Clinical trials and mechanistic studies should now be conducted in autism, attention deficit hyperactivity disorder and other groups with SOR.

Keywords

GABA glutamate excitation–inhibition balance autism sensory hyperreactivity

Introduction

Sensory reactivity differences, such as sensory over-responsivity (SOR) aka hyperreactive (e.g. being overwhelmed by everyday sounds), sensory under-responsivity (SUR) aka hyporesponsive (e.g. showing no response when touched) or sensory seeking (SR) (e.g. being fascinated by moving objects), are seen in ~65%–90% of autistic individuals, ~30% of children with special educational needs and ~10%–15% of children overall (Ben-Sasson et al., 2019; Tavassoli et al., 2016).
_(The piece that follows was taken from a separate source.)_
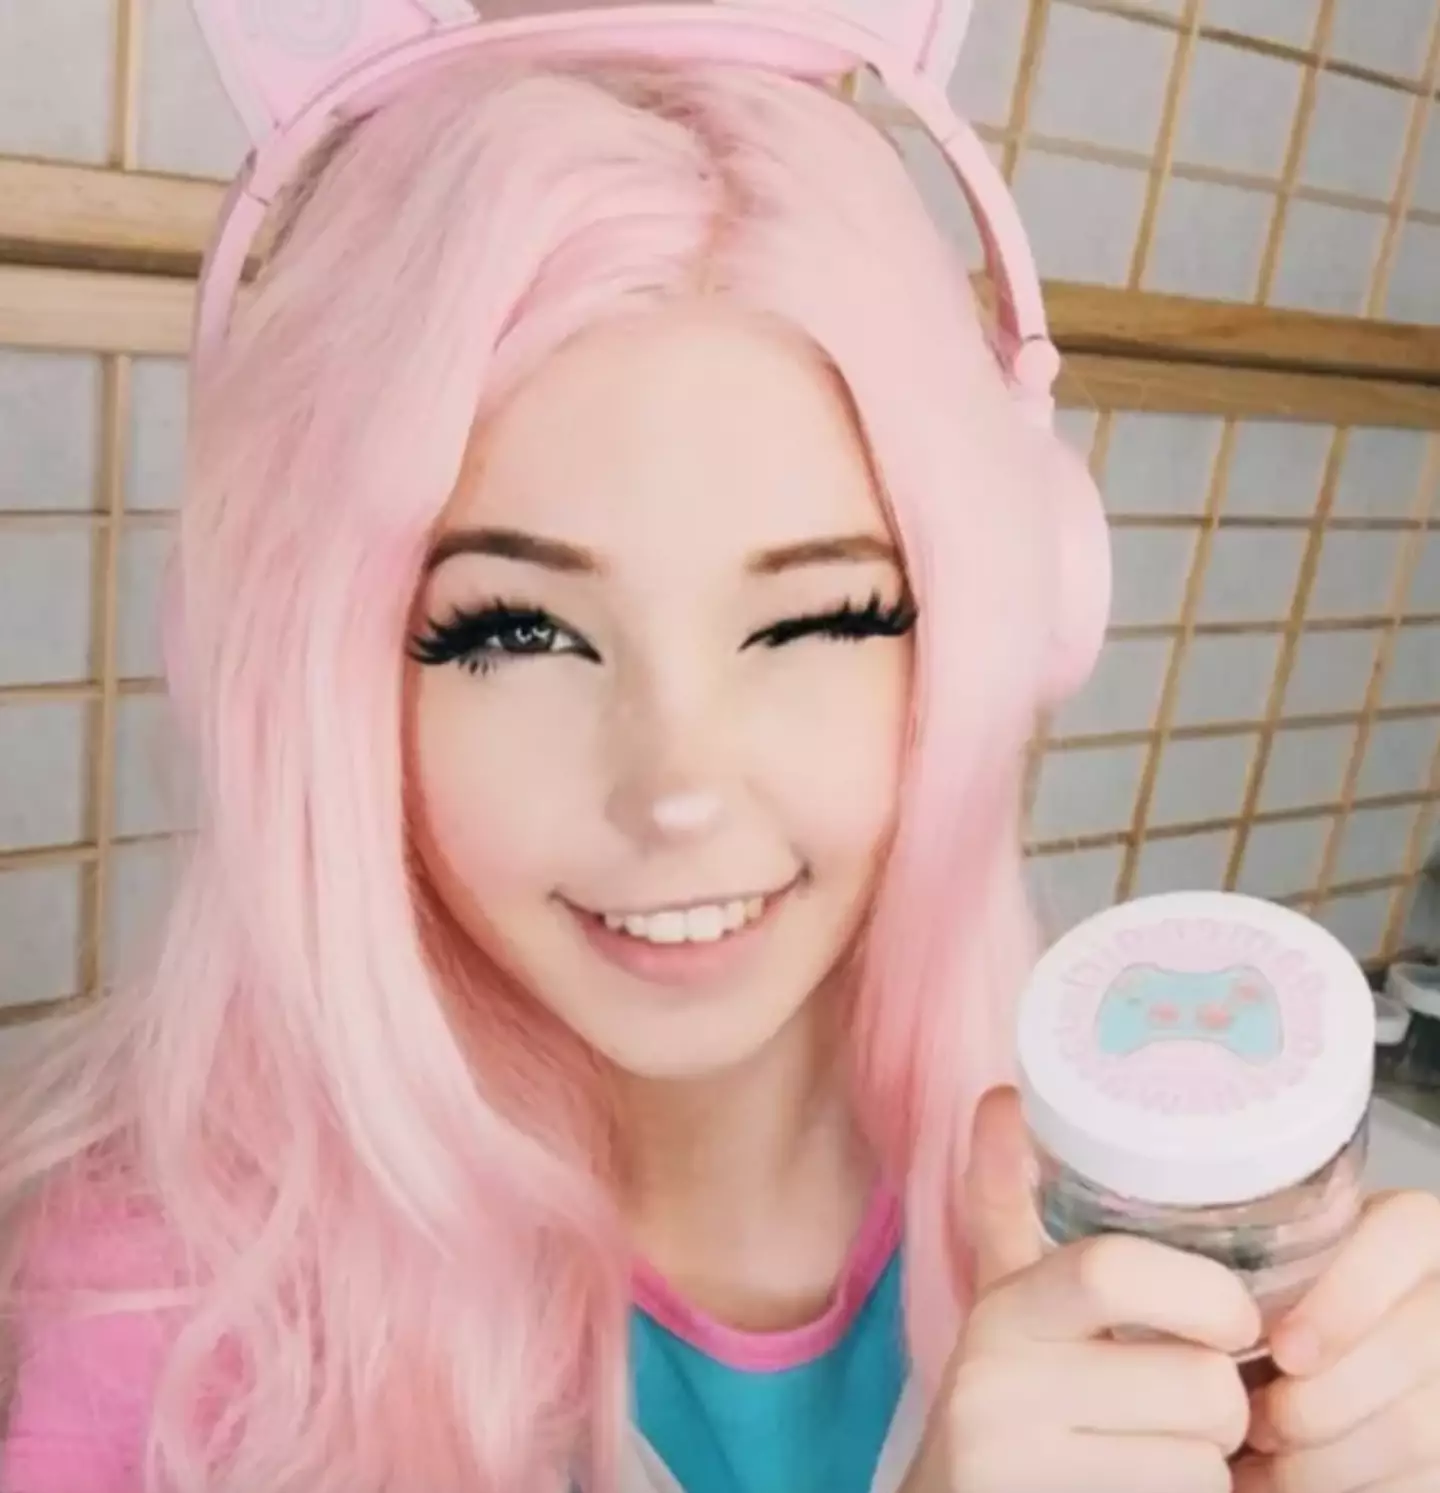 Belle Delphine began to sell her bathwater in 2019.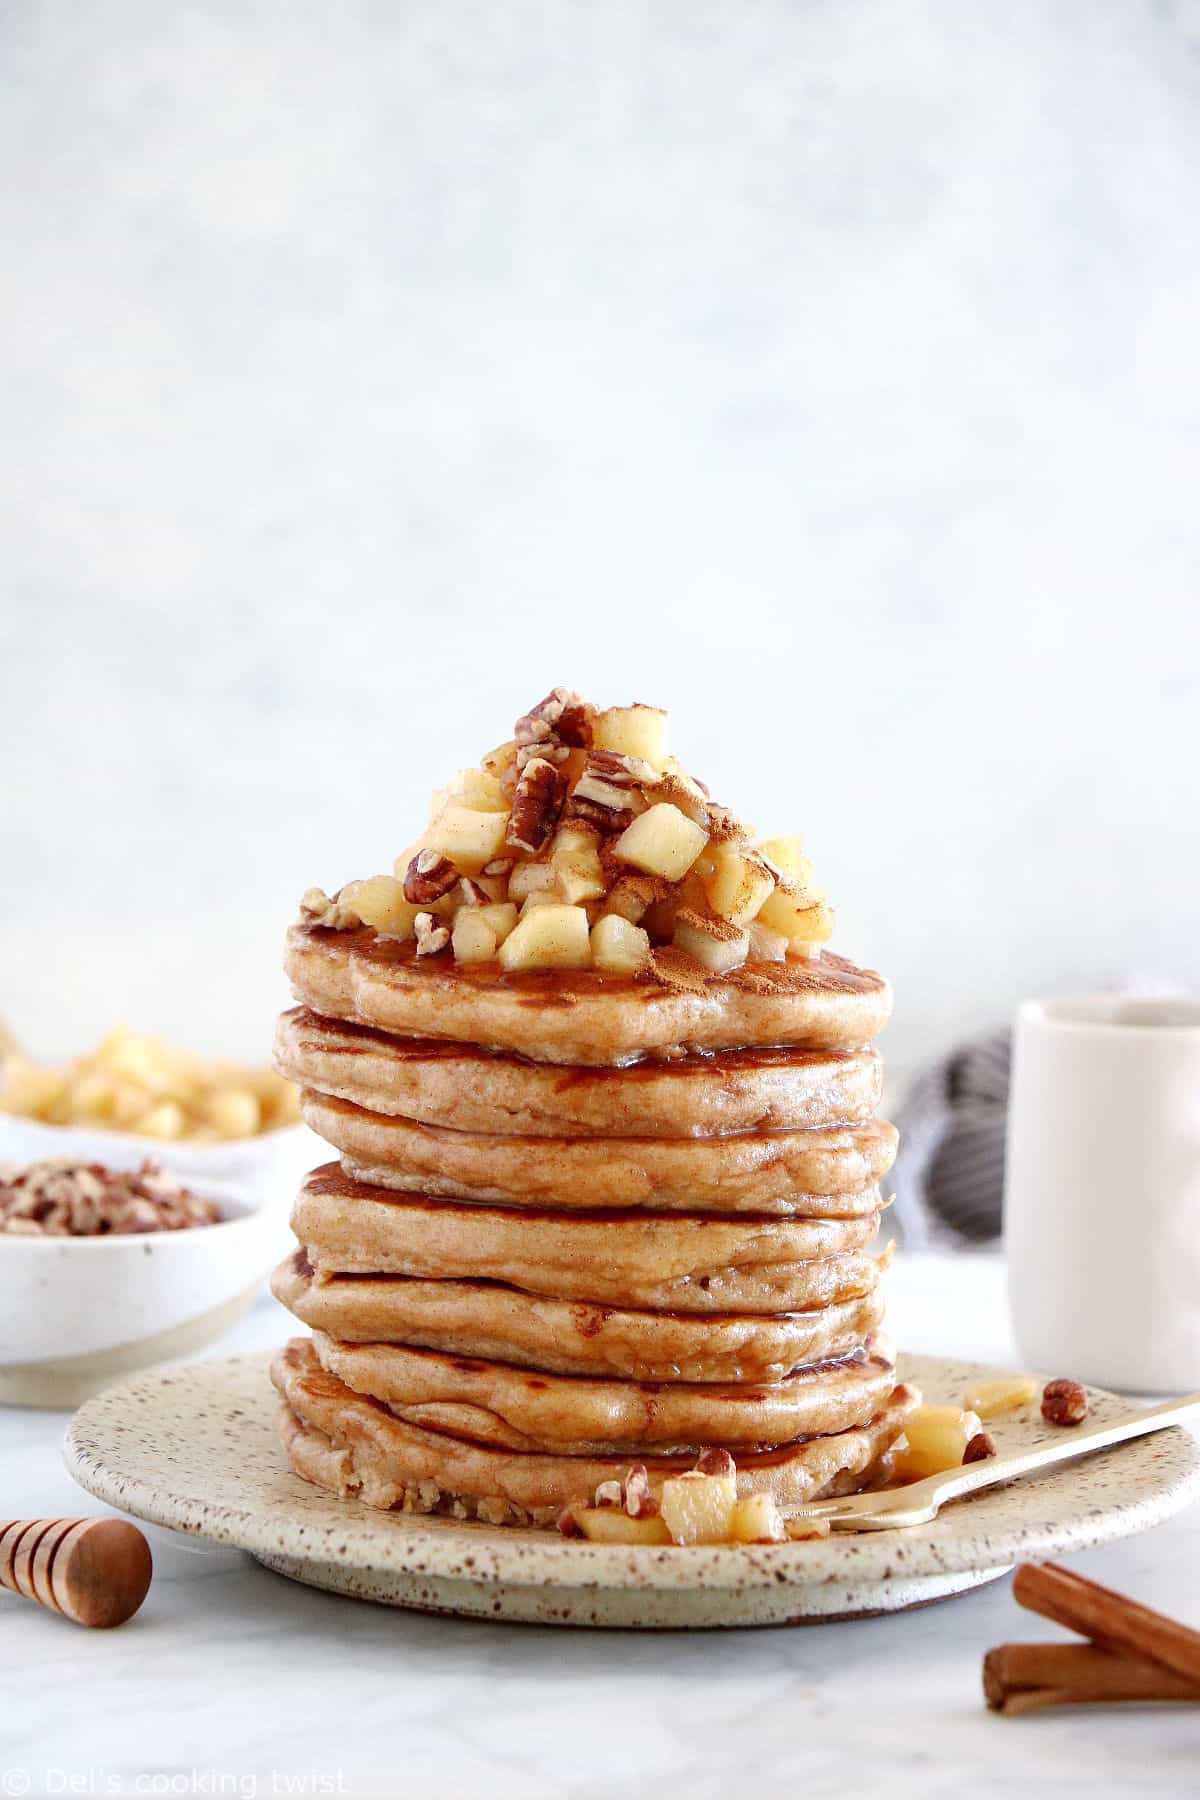 Healthy apple pancakes are prepared with shredded apples and a mix of whole wheat flour and almond flour to make them more nutritious.

Attention deficit hyperactivity disorder (ADHD) presents a similar picture, with one study estimating 43% co-occurrence in females with ADHD and 22% in males with ADHD (Bijlenga et al., 2017). The prevalence of sensory reactivity differences in the absence of co-occurring conditions has been estimated at 5% (Galiana-Simal et al., 2020). They impact developmental outcomes and quality of life (Dunn, 1997) as well as mental well-being (MacLennan et al., 2020, 2021; Rossow et al. 2021a, 2021b).

Of the three facets of sensory reactivity differences, work on underlying causal mechanisms is most advanced in the case of sensory hyperreactivity, which we will focus on here, and the evidence points to a potential difference in the balance between glutamatergic excitation and GABAergic inhibition (E-I balance). For example, investigations of tactile SOR using magnetic resonance spectroscopy have revealed reduced GABA concentrations in the sensorimotor cortex of both autistic children and adults (Gaetz et al., 2014; Puts et al., 2016; Sapey-Triomphe et al., 2019). More recently, Wood et al. (2021) found reduced thalamic GABA concentrations in autistic youth that were related to behavioural SOR symptoms, as well as atypical thalamic connectivity with sensory processing regions. However, not all studies have found GABAergic differences in autism (Kolodny et al., 2020), and one recent study instead found elevated glutamate in primary sensorimotor cortex, which correlated positively with parent-reported SOR (He et al., 2021). Although superficially paradoxical, the latter findings are consistent with the E-I balance theory of sensory symptoms in autism because the consequences of increased excitation may be similar to those of reduced inhibition (Rubenstein and Merzenich, 2003). In the case of SUR, the cause may be dysregulation of glutamatergic neurotransmission: Phelan-McDermid Syndrome produces disruption in the SHANK3 gene, which encodes a scaffolding protein in glutamatergic synapses, and produces a specific autistic phenotype in which SUR is considerably more prevalent than in idiopathic autism (Tavassoli et al., 2021). While the picture is complex and details are still emerging, it is clear that sensory reactivity differences are related to the E-I balance (Foss-Feig et al., 2017; Rosenberg et al., 2015).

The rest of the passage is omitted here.